Но в борьбе размышлять было некогда. Каждый звереныш в капкане первым делом начинает отчаянно биться. Поэтому в коробку, служившую сейчас прессом, молотили и кулаками, и головой, и чем попало. Каждый такой удар болезненно отзывался в сердце доктора Рыжикова, но он не ослаблял давления. Что там осталось, в коробке, после этого – лучше не думать. Противник был не из тихонь. Уже зажатый намертво клешней доктора Рыжикова, он был готов, как ящерица хвост, оторвать и оставить врагу свою руку. И извивался до последнего. Лишь колоссальный перевес сил помог доктору Рыжикову постепенно, давлением и терпением, утихомирить пленника. Когда сопротивление утихло, доктор Рыжиков пропыхтел:
– Где пугач?
– Какой пугач! – снова задергался «язык». – Пусти! Че пристали! Мне домой надо!

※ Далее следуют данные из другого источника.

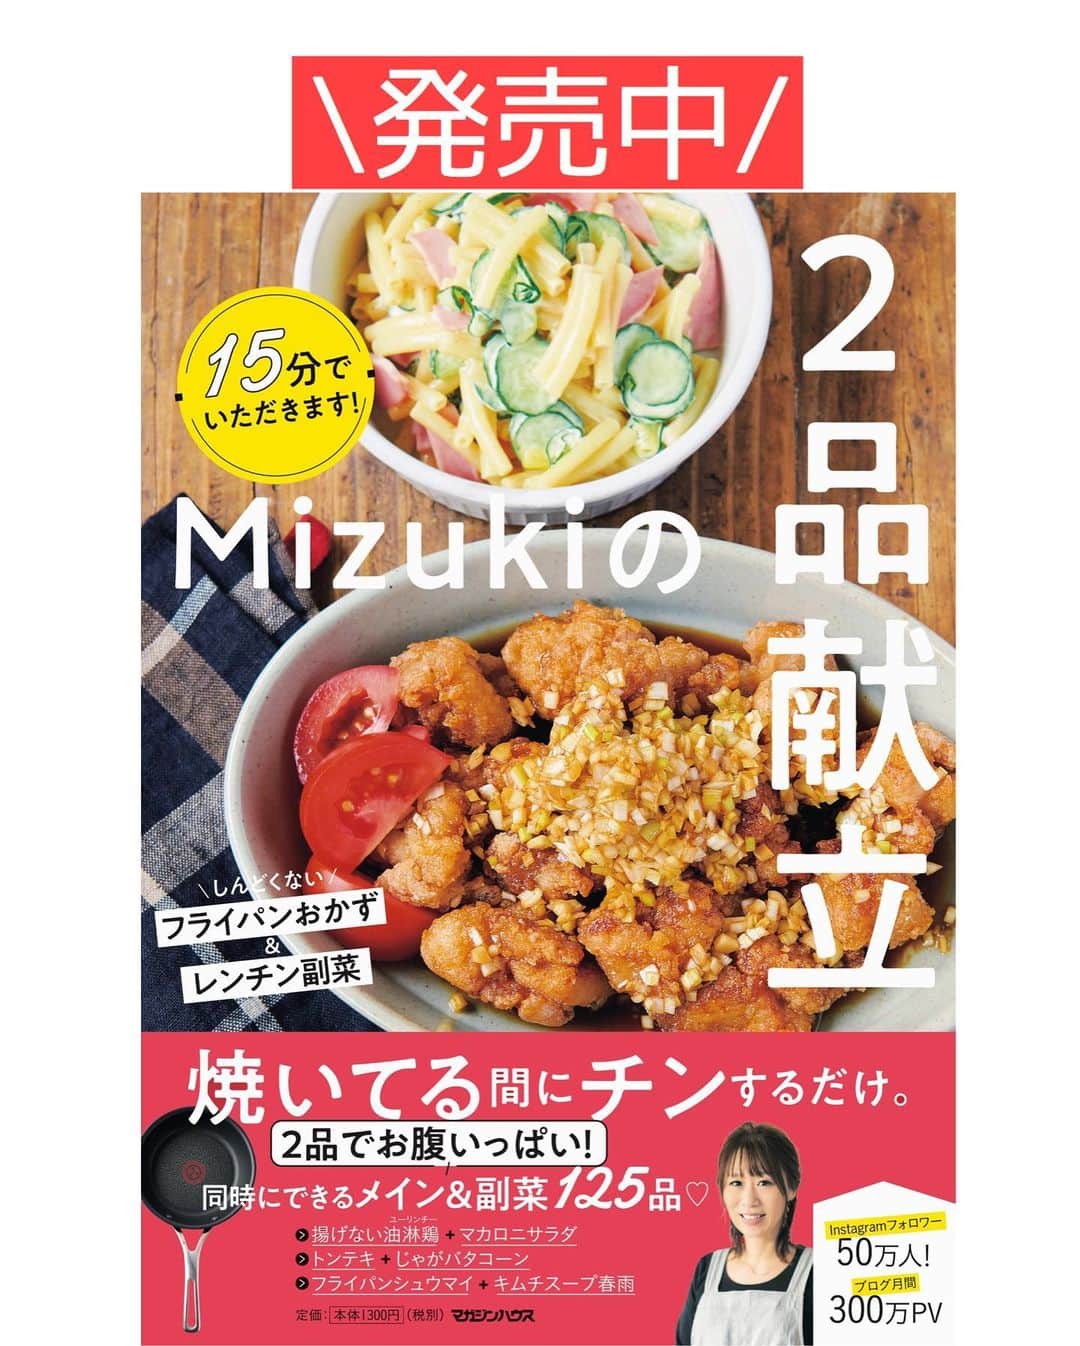 Mizuki【料理ブロガー・簡単レシピ】さんのインスタグラム写真 - (Mizuki【料理ブロガー・簡単レシピ】Instagram)「・﻿ 【#レシピ 】ーーーーーーーーーー﻿ ♡肉団子と野菜のおかずスープ♡﻿ ーーーーーーーーーーーーーーーー﻿ ﻿ ﻿ ﻿ おはようございます(*^^*)﻿ ﻿ 今日ご紹介させていただくのは﻿ メインにもなるおかずスープ♡﻿ 野菜たっぷりでヘルシーな上に﻿ 肉団子入りで食べ応えもありますよ〜♩﻿ ﻿ 作り方は超簡単(*´艸`)﻿ 肉団子は材料一気に混ぜるだけ！﻿ スープは最初に味付けするから﻿ 味がぴったり決まります♡﻿ ﻿ ひき肉も野菜もアレンジできるので﻿ お気軽にお試し下さいね(*^^*)﻿ ﻿ ﻿ ﻿ ＿＿＿＿＿＿＿＿＿＿＿＿＿＿＿＿＿＿＿＿﻿ 【2人分】﻿ ●鶏ひき肉...150g﻿ ●片栗粉・酒...各小1﻿ ●塩こしょう...少々﻿ 玉ねぎ...1/4個﻿ 人参...1/3本﻿ 白菜...100g﻿ ☆水...500ml﻿ ☆鶏がらスープ...大1﻿ ☆醤油・ごま油...各小1﻿ (好みで)ごま...適量﻿ ﻿ 1.ボウルに●を入れてよく混ぜる。玉ねぎは薄切り、人参は細切り、白菜はざく切りにする。﻿ 2.鍋に☆を入れて火にかけ、煮立ったら1の肉だねを3cm大に丸めて入れ、中火で2分煮る。続けて野菜も加え、たまに混ぜながら5分煮る。﻿ 3.器に盛り、ごまを振る。﻿ ￣￣￣￣￣￣￣￣￣￣￣￣￣￣￣￣￣￣￣￣﻿ ﻿ ﻿ ﻿ 《ポイント》﻿ ♦︎鶏ひき肉の代わりに豚ひき肉でも♩﻿ ♦︎野菜はあるものでアレンジOK♩キャベツ、小松菜、きのこ、長ねぎなども合います♩﻿ ﻿ ﻿ ﻿ ﻿ ﻿ ﻿ ﻿ ＿＿＿＿＿＿＿＿＿＿＿＿＿＿＿＿＿＿﻿ 🔔テレビ出演のお知らせ🔔﻿ 本日より2週間(21：55〜 月-木)﻿ 【NHK Eテレ #まる得マガジン 】﻿ 2回目の放送が始まります(内容は同じ)✨﻿ 俳優の武田航平さん﻿ (@kouhei_takeda.official )と一緒に﻿ 絶品おやつから意外なランチまで﻿ たくさん作らせていただきますよ♩﻿ ﻿ ＊NHKテキスト発売中📕﻿ ￣￣￣￣￣￣￣￣￣￣￣￣￣￣￣￣￣￣﻿ ﻿ ﻿ ﻿ ﻿ ﻿ ⭐️発売中⭐️3刷重版が決まりました😭﻿ 本当にありがとうございます(涙)﻿ _____________________________________﻿ \15分でいただきます/﻿ 📕#Mizukiの2品献立 📕﻿ (9月24日発売・マガジンハウス)﻿ ￣￣￣￣￣￣￣￣￣￣￣￣￣￣￣￣￣﻿ ﻿ 忙しい私たちには﻿ 2品くらいがちょうどいい！﻿ 『しんどくない献立、考えました』﻿ ￣￣￣￣￣￣￣￣￣￣￣￣￣￣￣￣﻿ ﻿ ーーーーーPART.1 ーーーーー﻿ 【Mizukiのお墨つき！２品献立ベスト10】﻿ 約15分でできる10献立をご紹介！﻿ メインは全部フライパン、副菜はレンチンor混ぜるだけ♡﻿ ﻿ ーーーーーPART.2 ーーーーー﻿ 【フライパンひとつ！今夜のメインおかず】﻿ 献立の主役になる肉や魚のおかず50品！﻿ Part3の副菜と組み合わせれば﻿ 献立のバリエーションが広がりますよ♩﻿ ﻿ ーーーーー PART.3 ーーーーー﻿ 【合間に作れる！ 野菜別かんたん副菜】﻿ レンチンor和えるだけの副菜レシピを﻿ 素材別にたっぷり収録♩﻿ ﻿ ーーーーー番外編ーーーーー﻿ 【ひとつで満足！ご飯＆麺】﻿ 【具だくさん！おかずスープ】﻿ 【オーブンいらずのおやつレシピ】﻿ ￣￣￣￣￣￣￣￣￣￣￣￣￣￣￣￣￣￣﻿ (ハイライトにリンク🔗あります💗)﻿ ﻿ ﻿ ﻿ ﻿ ＿＿＿＿＿＿＿＿＿＿＿＿＿＿＿＿＿＿﻿ レシピを作って下さった際や﻿ レシピ本についてのご投稿には﻿ タグ付け( @mizuki_31cafe )して﻿ お知らせいただけると嬉しいです😊💕﻿ ￣￣￣￣￣￣￣￣￣￣￣￣￣￣￣￣￣￣﻿ ﻿ ﻿ ﻿ ﻿ #ひき肉#肉団子#鶏つくね#野菜#スープ#Mizuki#簡単レシピ#時短レシピ#節約レシピ#料理#フーディーテーブル#マカロニメイト#おうちごはん#デリスタグラマー#料理好きな人と繋がりたい#食べ物#料理記録#おうちごはんlover#写真好きな人と繋がりたい#foodpic#cooking#recipe#lin_stagrammer#foodporn#yummy#f52grams#肉団子と野菜のおかずスープm」11月19日 6時33分 - mizuki_31cafe

Голосишко был сварливый, безотцовский.
– Ну нет! – хватка у доктора Петровича была еще та, десантная. А хирургические пальцы – чуткие, как миноискатель. – Пока не отдашь, не пущу!
– Нет у меня, Сережка утащил! – Пленник стал хныкать. – Пустите, силы больше, да? Силы больше? Мне домой пора!
– Тебя, брат, из дому и выпускать нельзя! – заверил доктор Петрович, чуть ослабляя нажим. – Придется отвести тебя к родителям, пока целый. А то получат потом без пальцев или без глаза… Ну-ка пошли, показывай, где живешь!
– Не пойду! – снова забился пленник. – К мамке не пойду! Не надо к мамке, дяденька! Это не я!
Но доктор Рыжиков был неумолим. Слишком много пробитых голов, выжженных глаз, оторванных пальцев прошло перед ним. Если хоть что-то из этого неминуемого потока можно было предотвратить, он должен был превращаться в непробиваемый камень. Поэтому он каменно сказал:
– Пугач на бочку… или идем к матери!
Видно, это было слабым местом в оборонительных рейдутах.
– Сережка утащил, дяденька! Правду говорю! Не надо к мамке!